I want to calculate the following limit: $$ \lim_{x \rightarrow \infty} Ax^{b} \cos(c \log(x)), $$ where $A$, $b>0$ and $c$ are some constants.

I suppose that the function $Ax^{b} \cos(c \log(x))$ is not convergent when $x\rightarrow \infty$.

Firstly, I think I can show that $$ A\cos(c \log(x)) $$ is not convergent when $x\rightarrow \infty$.

For this purpose I use two different subsequences and show that the limit converges to different values:

1. $x = e^{\frac{2n}{c}\pi}$, then $\lim_{x \rightarrow \infty} A \cos(c \log(x)) = A$.

2. $x = e^{\frac{2n+1}{c}\pi}$, then $\lim_{x \rightarrow \infty} A \cos(c \log(x)) = -A$.

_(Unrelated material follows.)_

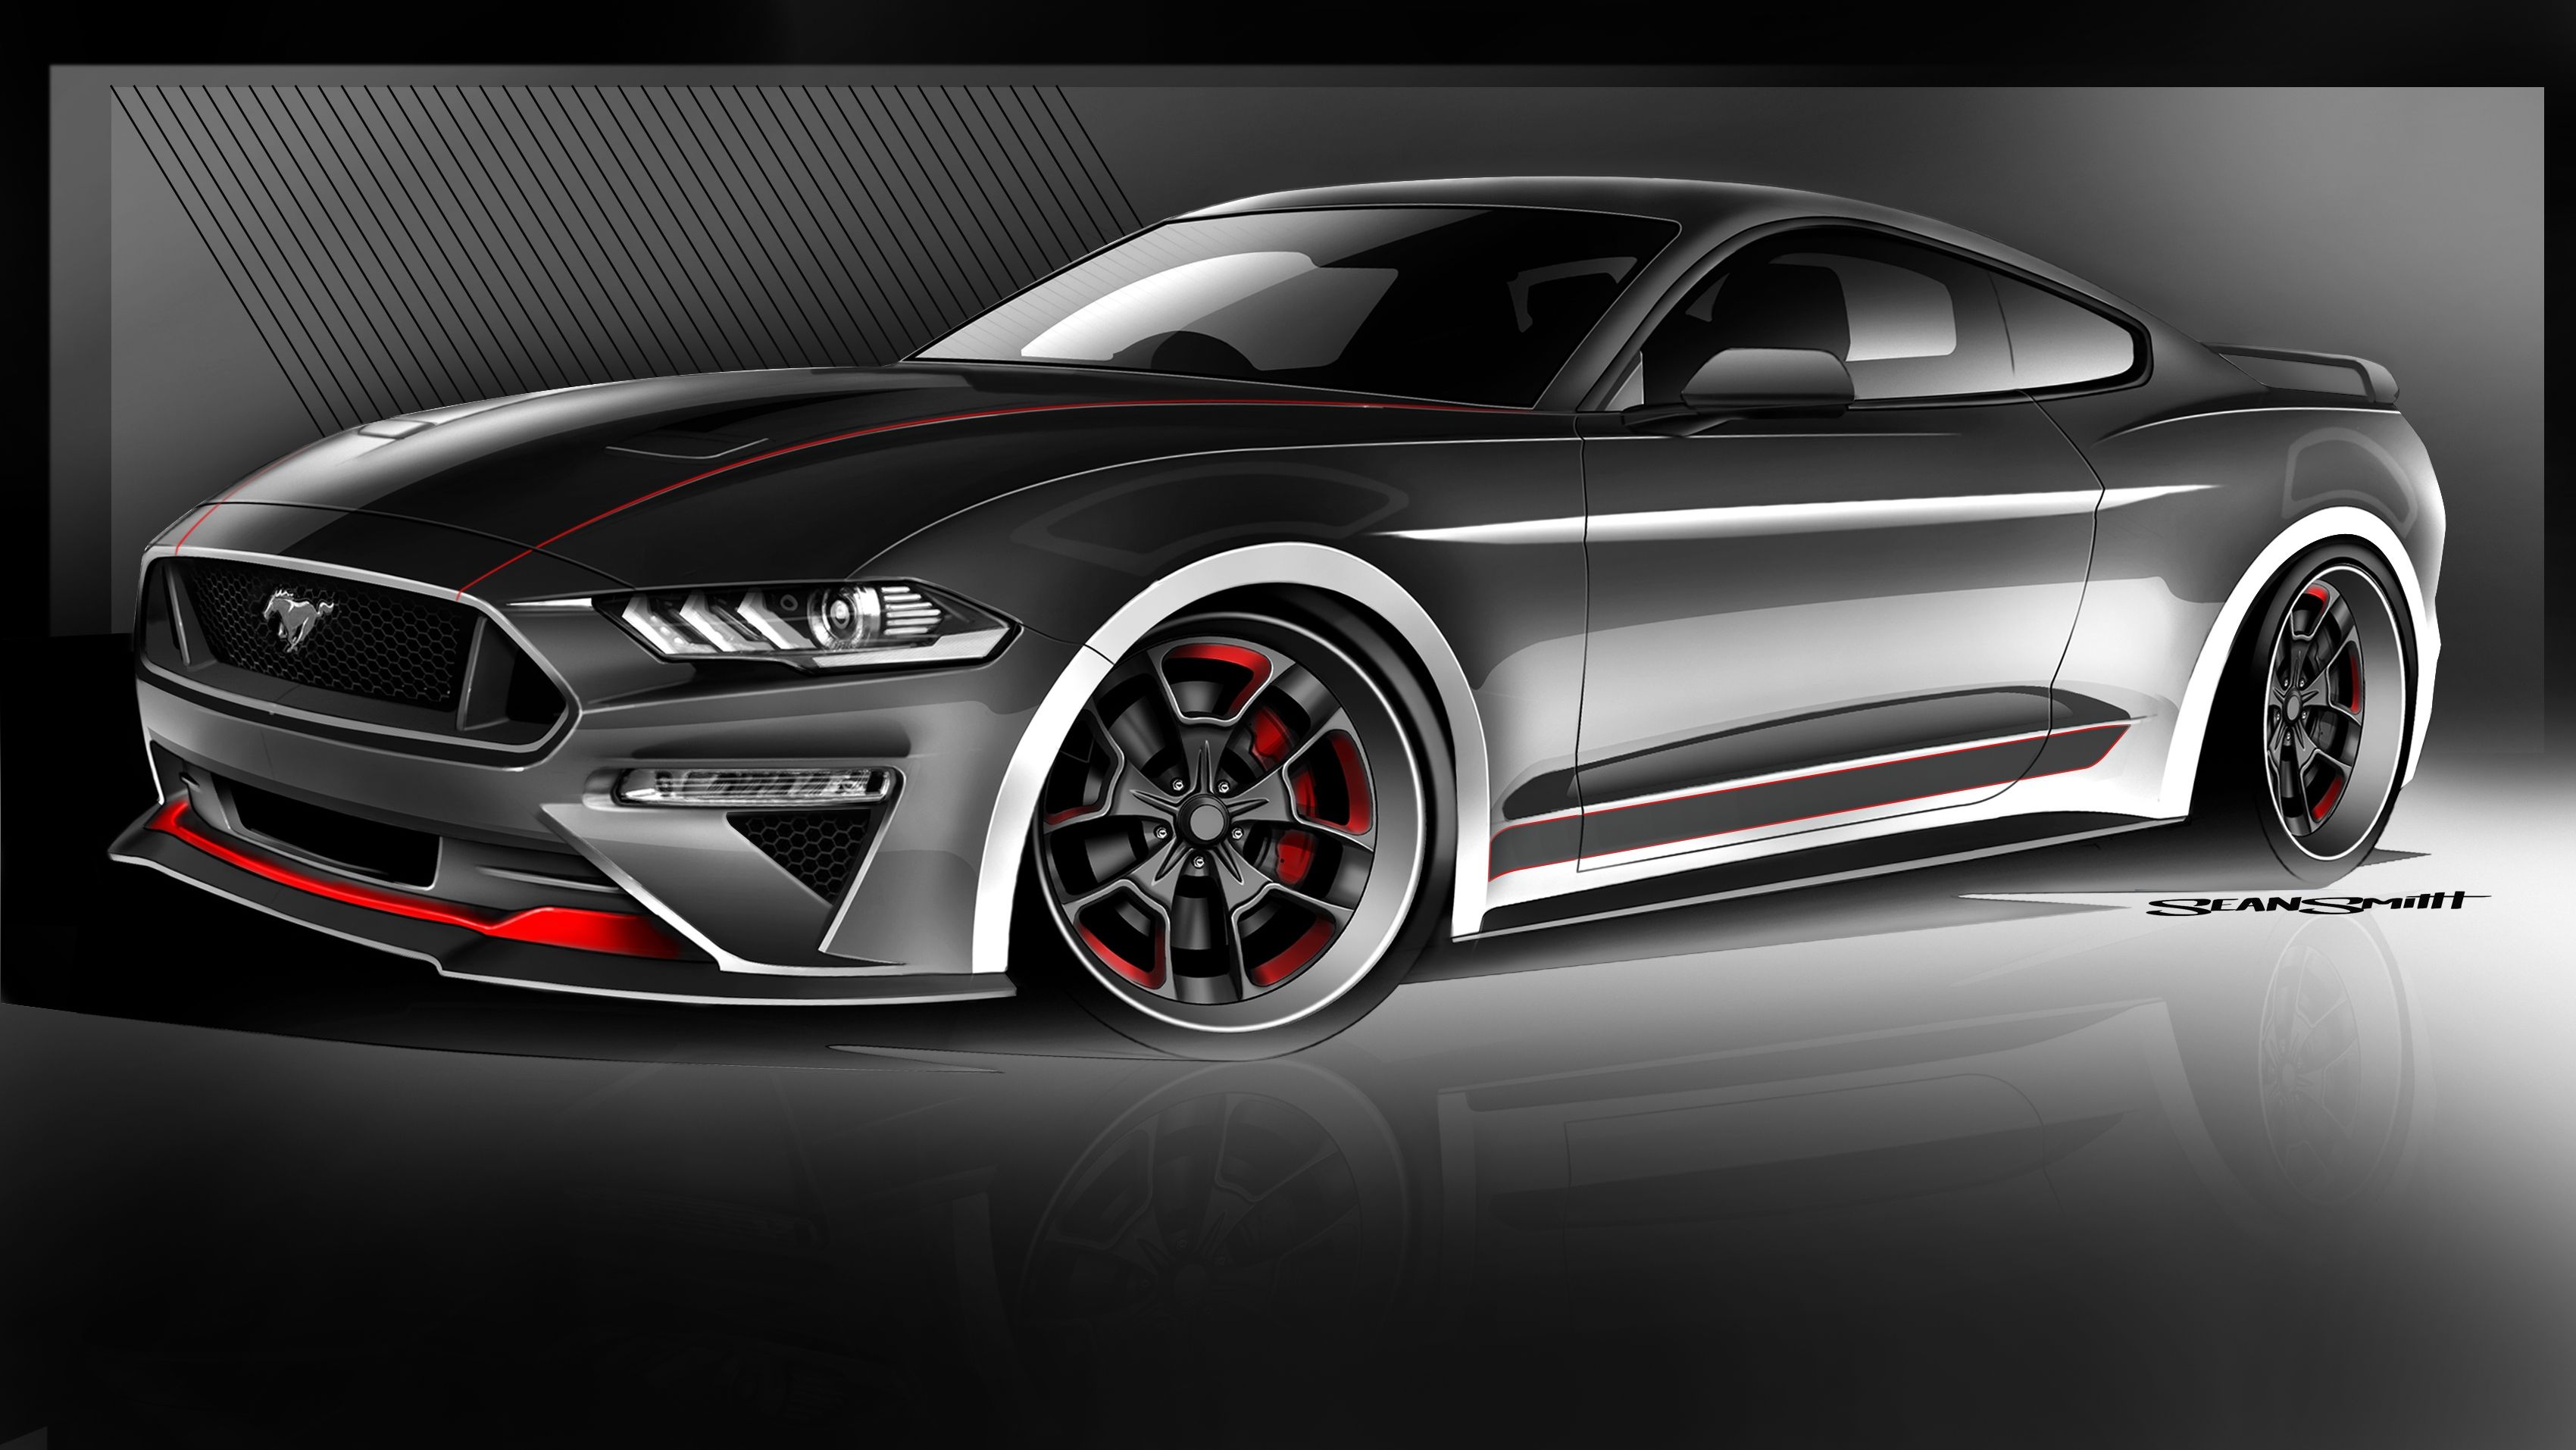 2018 Ford Mustang GT by CGS Motorsports
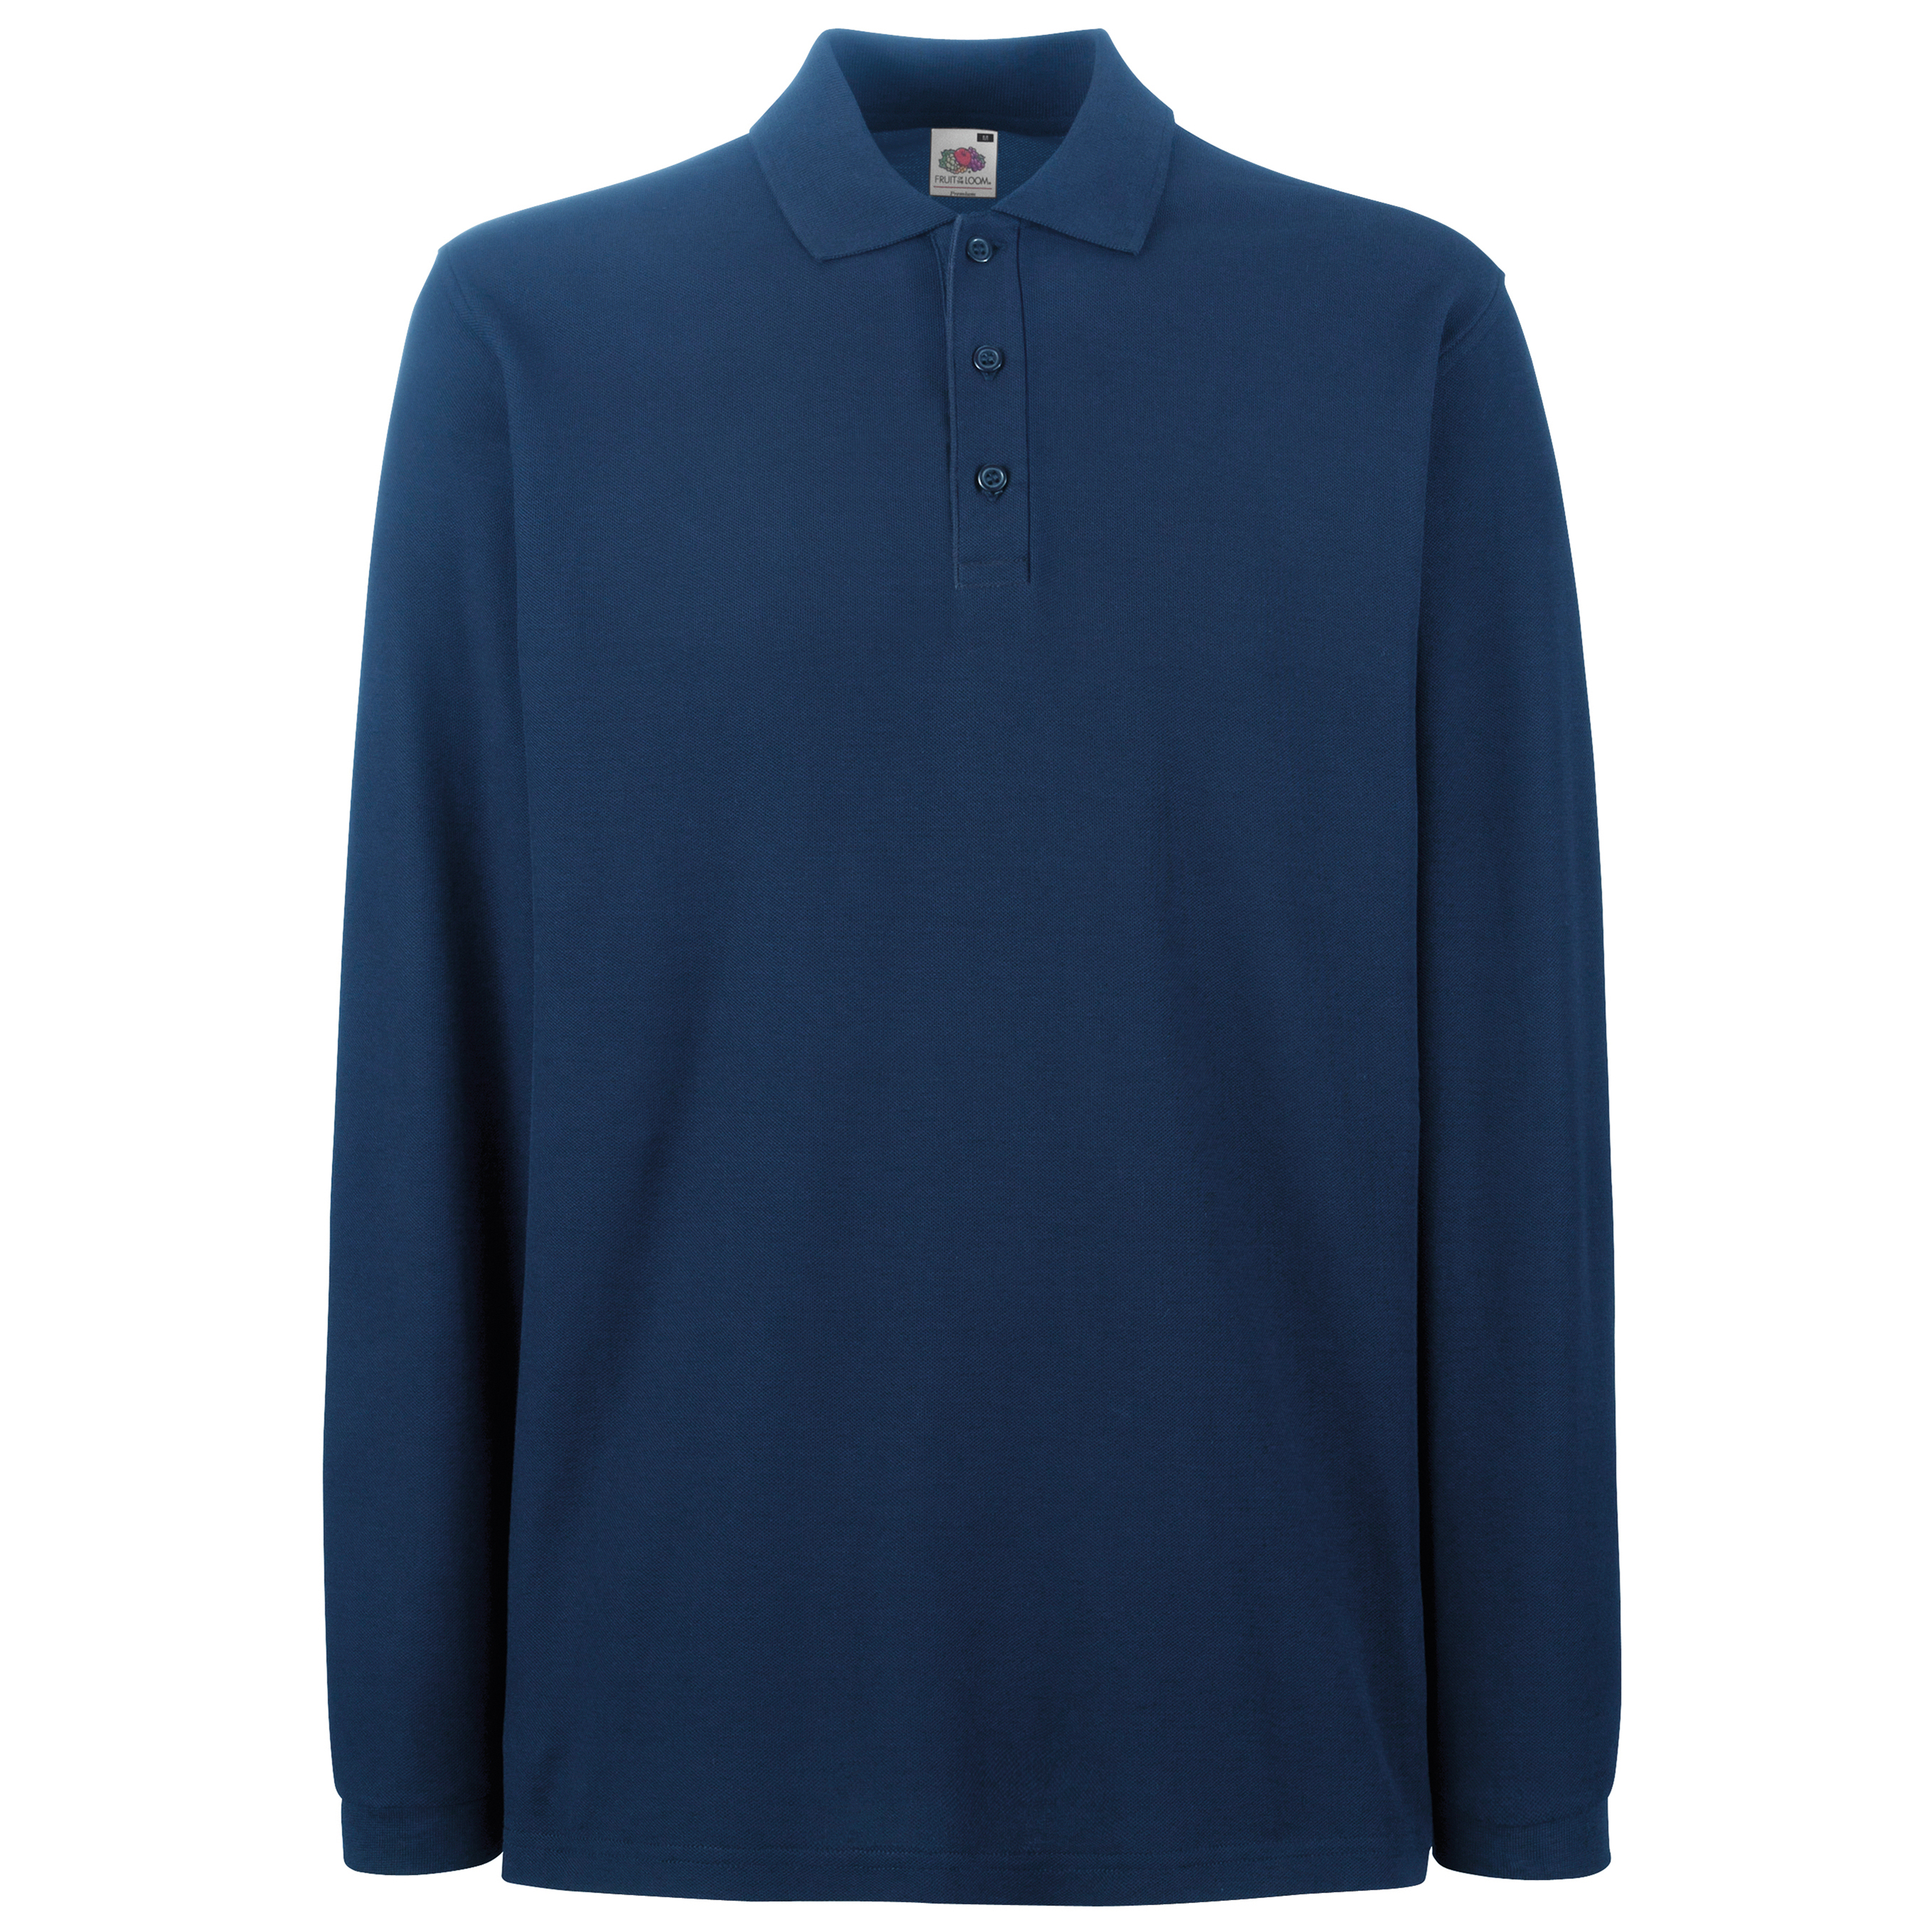 ax-httpswebsystems.s3.amazonaws.comtmp_for_downloadfruit-of-the-loom-long-sleeve-polo-navy.jpg

Of course, I assumed that $A\neq 0$.

Moreover, I know that: $$ \lim_{x \rightarrow \infty} x^{b} = +\infty $$ for $b>0$

Then, I claim that: $$ Ax^{b} \cos(c \log(x)) $$ is not convergent when $x\rightarrow \infty$, because it is a product of a function which is not convergent and a function which has a limit equal to $\infty$.

Is this solution correct?

Answer 1

Yes it is correct, we can simply note that since $|c \log x|\to \infty$ is continuos

• $\cos(c \log(x))$ oscillates from $-1$ and $1$

and

• $|Ax^{b}|\to \infty$

then

• $Ax^{b} \cos(c \log(x))$ doesn't converges ("oscillates between" $+\infty$ and $-\infty$)

Answer 2

The fact that $Ax^b$ diverges is unimportant. It suffices to say that the function is alternating and doesn't tend to $0$.